Книга Ломоносов, страница 54. Автор книги Валерий Шубинский

Разделитель для чтения книг в онлайн библиотеке

Онлайн книга «Ломоносов»

Cтраница 54

Благочестие и патриотизм Елизаветы проявлялись с первых дней ее правления — не всегда, правда, к пользе страны. Общеизвестно, например, что она нанесла тяжкий урон экономике левобережных украинских губерний, запретив въезд туда еврейским купцам: православная царица не желала «интересной выгоды от врагов Христовых». Менее известен другой эпизод: выдающийся португальский врач Антонию Рибейра Санхес (Санчеш, Санже), уехавший в 1747 году из Петербурга в Париж с пенсией и званием почетного члена Академии наук, был спустя два года лишен и того и другого, так как выяснилось его происхождение из марранов (насильственно крещенных испанских и португальских евреев, в чьей искренней преданности христианству католическая церковь не без основания сомневалась). Заступничество Эйлера не помогло, и лишь Екатерина, которой Санхес в свое время спас жизнь (излечив ее от «чирья в боку»), вернула ему пенсию [59]. С другой стороны, именно в эти годы возобновились преследования старообрядцев: у них-то об эпохе Елизаветы остались не самые приятные воспоминания, как, впрочем, и о «легкой жизни» при Софье.

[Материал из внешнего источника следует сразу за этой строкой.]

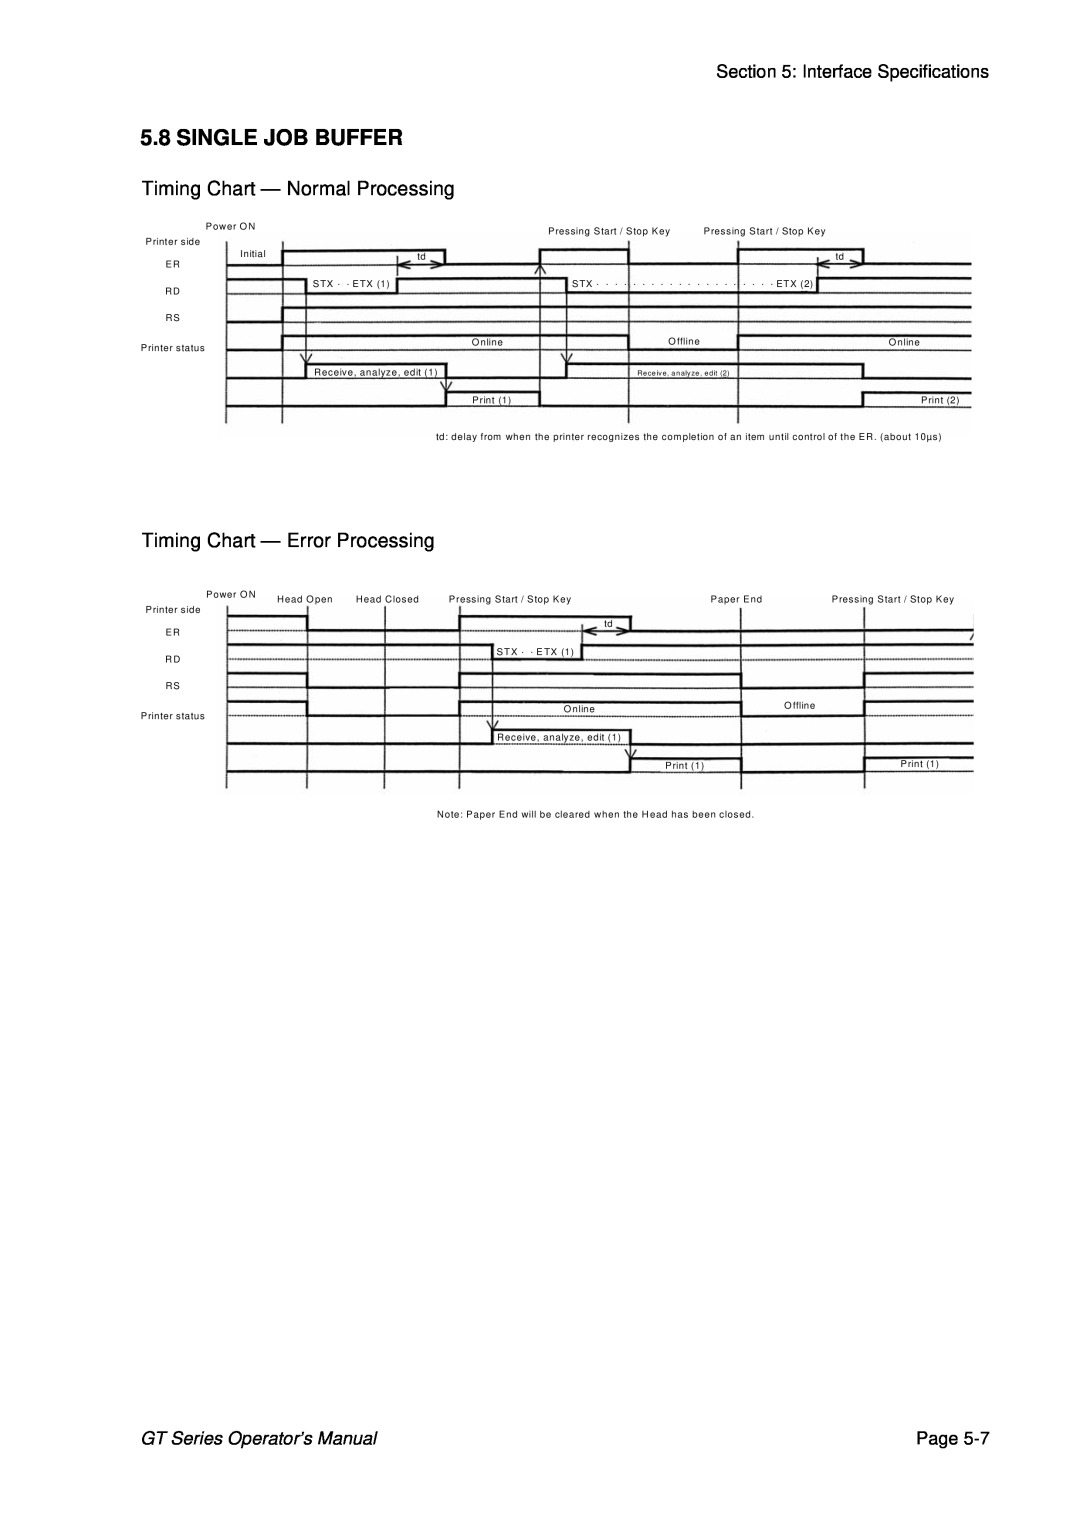 SATO GT424 manual Single Job Buffer, Timing Chart - Normal Processing, Timing Chart - Error Processing, Page 
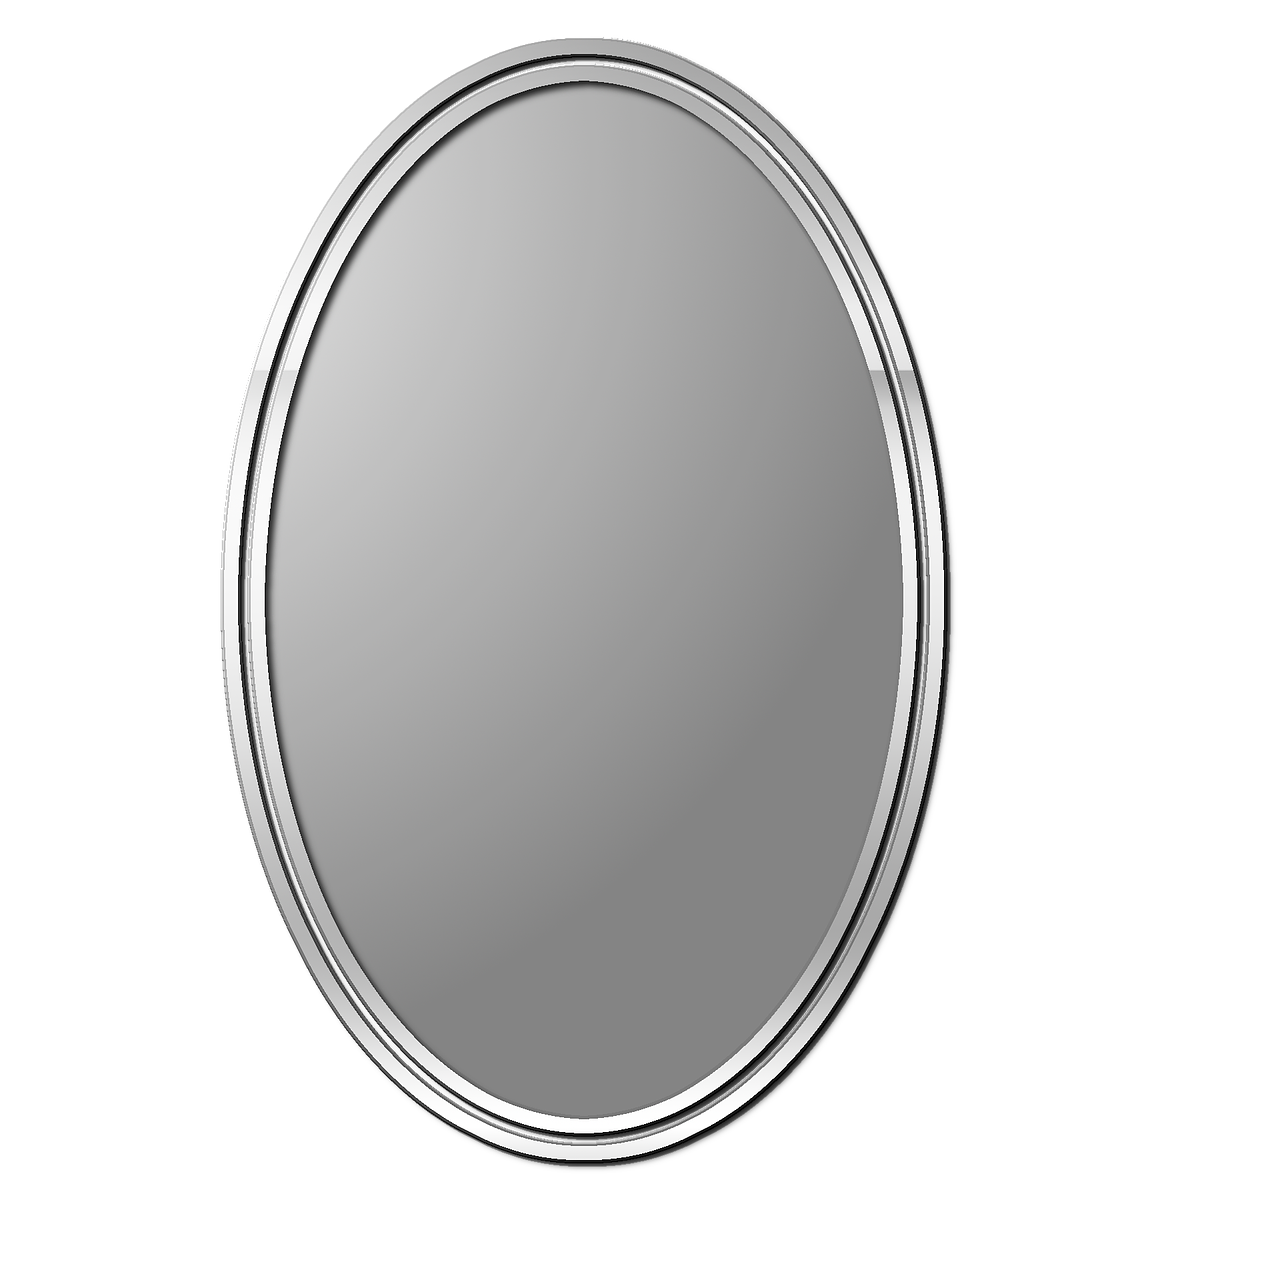  mirror

Но первыми ощутили беспокойство многочисленные петербургские «немцы» (в которые простонародье зачисляло вообще всех западноевропейцев). Елизавета подчеркнуто окружала себя русскими, давала «коренным россиянам» преимущество при назначении на государственные должности. Народ быстро воспринял эти сигналы и сделал свои выводы. Накопившиеся, подавлявшиеся при Анне чувства стали вырываться наружу. Гвардейцы отказывались подчиняться офицерам-иностранцам. Нерусские ремесленники и специалисты опасались того, что спустя полтора столетия будут называть «погромами». При этом все понимали, что без «немцев» обойтись уже невозможно: не только в Петербурге и Москве, но и в провинции дворяне (и часть горожан) привыкли носить европейскую одежду, пользоваться часами, смотреться в зеркала, при болезни обращаться к врачу. Государству нужны были инженеры, горные мастера… Однако русские люди, за редкими исключениями, полезными современными профессиями не владели, и после смерти Петра делалось очень мало, чтобы обучить их. Эта зависимость от чужеземцев усиливала раздражение, тем более что многие «немцы» вели себя, в самом деле, очень высокомерно. Быстро почувствовав, что по здешней общественной иерархии они стоят пусть ниже русских аристократов, но несравнимо выше русских простолюдинов, они не скрывали своего к ним презрения.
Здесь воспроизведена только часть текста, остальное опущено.